Yes, this really is most of our branch! There are only four adults missing plus Soren and I. You will also notice that we have two red headed missionaries right now bringing the count of red heads in the branch and that entire building to three. I'm sure that the Koreans were stunned so see so much red hair in all in one place!

 Our Branch President's daughter is visiting for a couple months and speaks English really well. From her I've gathered that the song that they are singing in this video is a traditional fisherman's song. They would sing it while bringing in the nets at the end of the day to keep pace and make the work seem less laborious. Everyone in the audience seemed to enjoy it. All were clapping to keep time and many were singing along by the end. It was really neat to watch.

I couldn't get pictures of the other performances given the lack of a working camera battery but I think that our branch may have had the most crowd involvement. We even had more involvement that he guy that played "Oh Susanna" on the harmonica! :D

The meeting finished of with a yard-sale type fundraiser to help raise money for the district activities. Hyrum somehow left with a container of wooden blocks that someone was selling but gave to him instead.

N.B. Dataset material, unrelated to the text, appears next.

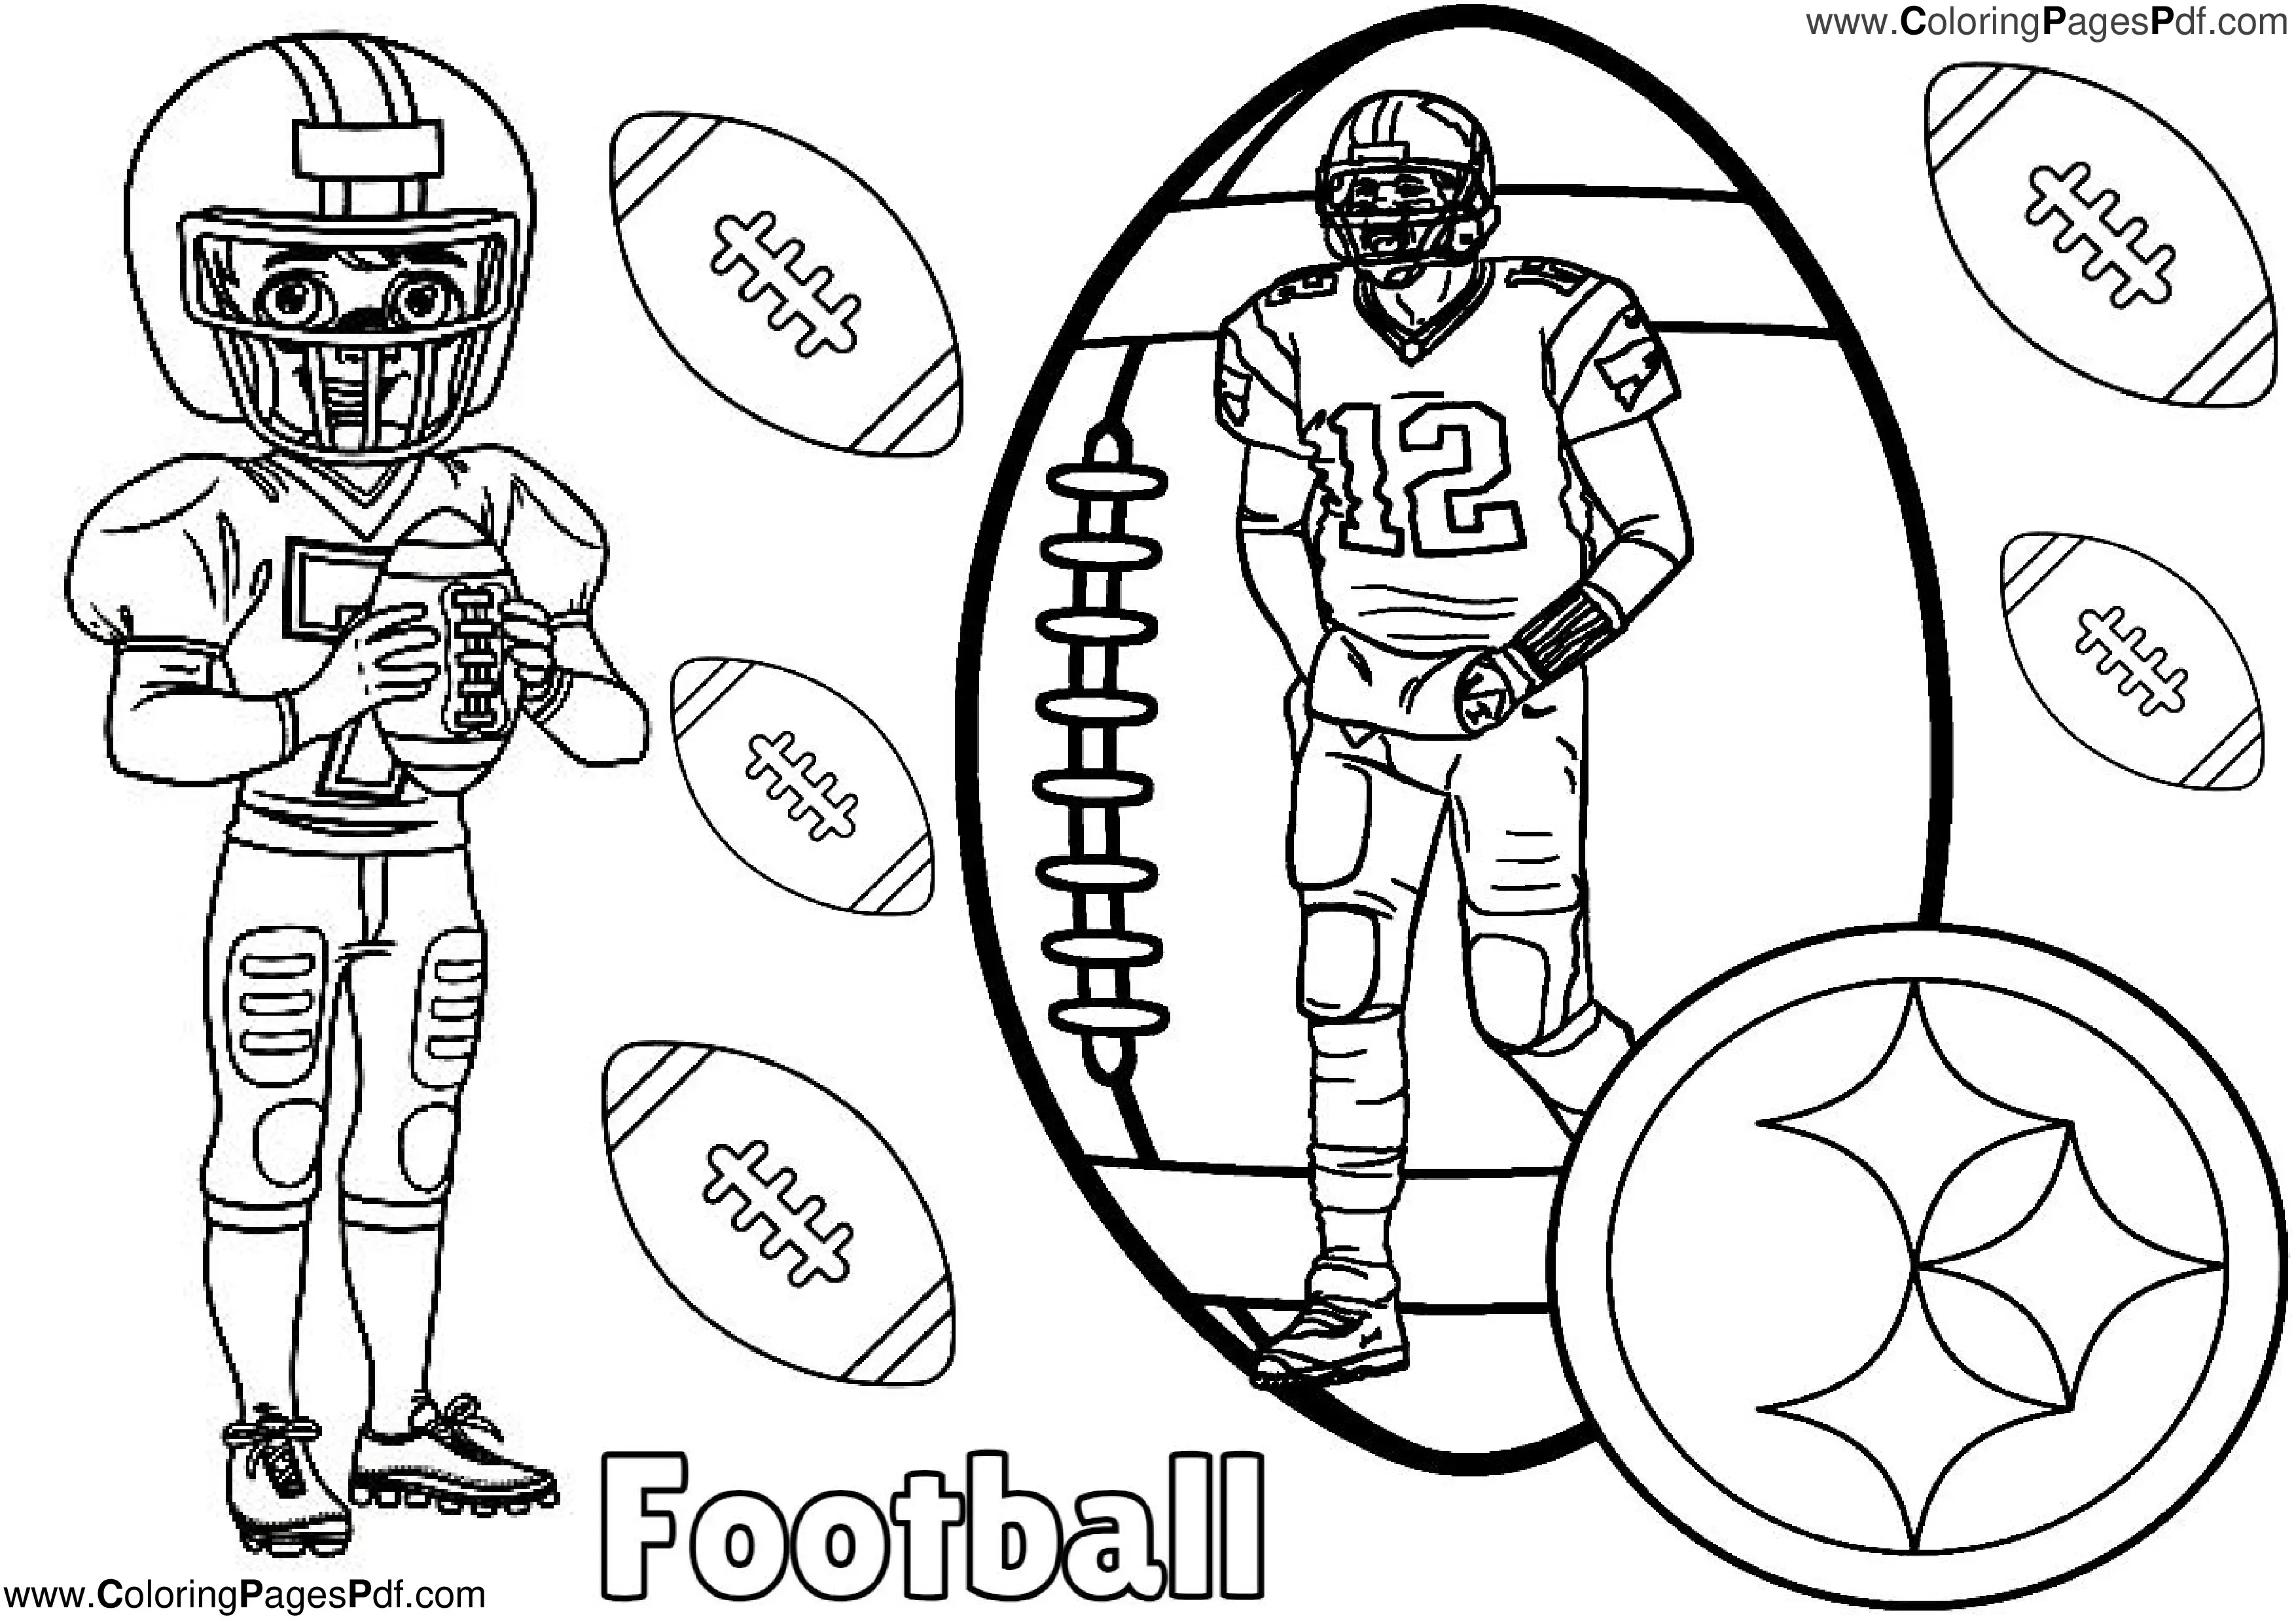 Printable football colouring pages

He seems to get free things from Korean quite often though so I really should be too surprised. :) I think that the real steal of the night was the handmade, Korean-style sponge that I got for just under $1! It shaped like awesomeness (read: purple strawberry) but Soren is bound and determined it is an eggplant (less awesome).  I would have gotten a picture but, once again, no camera battery. 

Basically, it was a good way to spend out Saturday afternoon and evening. Since there were some people that spoke pretty good English, we even got to talk to people. Hyrum also found some friends in a couple girls that wanted to play with his blocks! It was good to feel like I was really taking part in something instead of just showing up.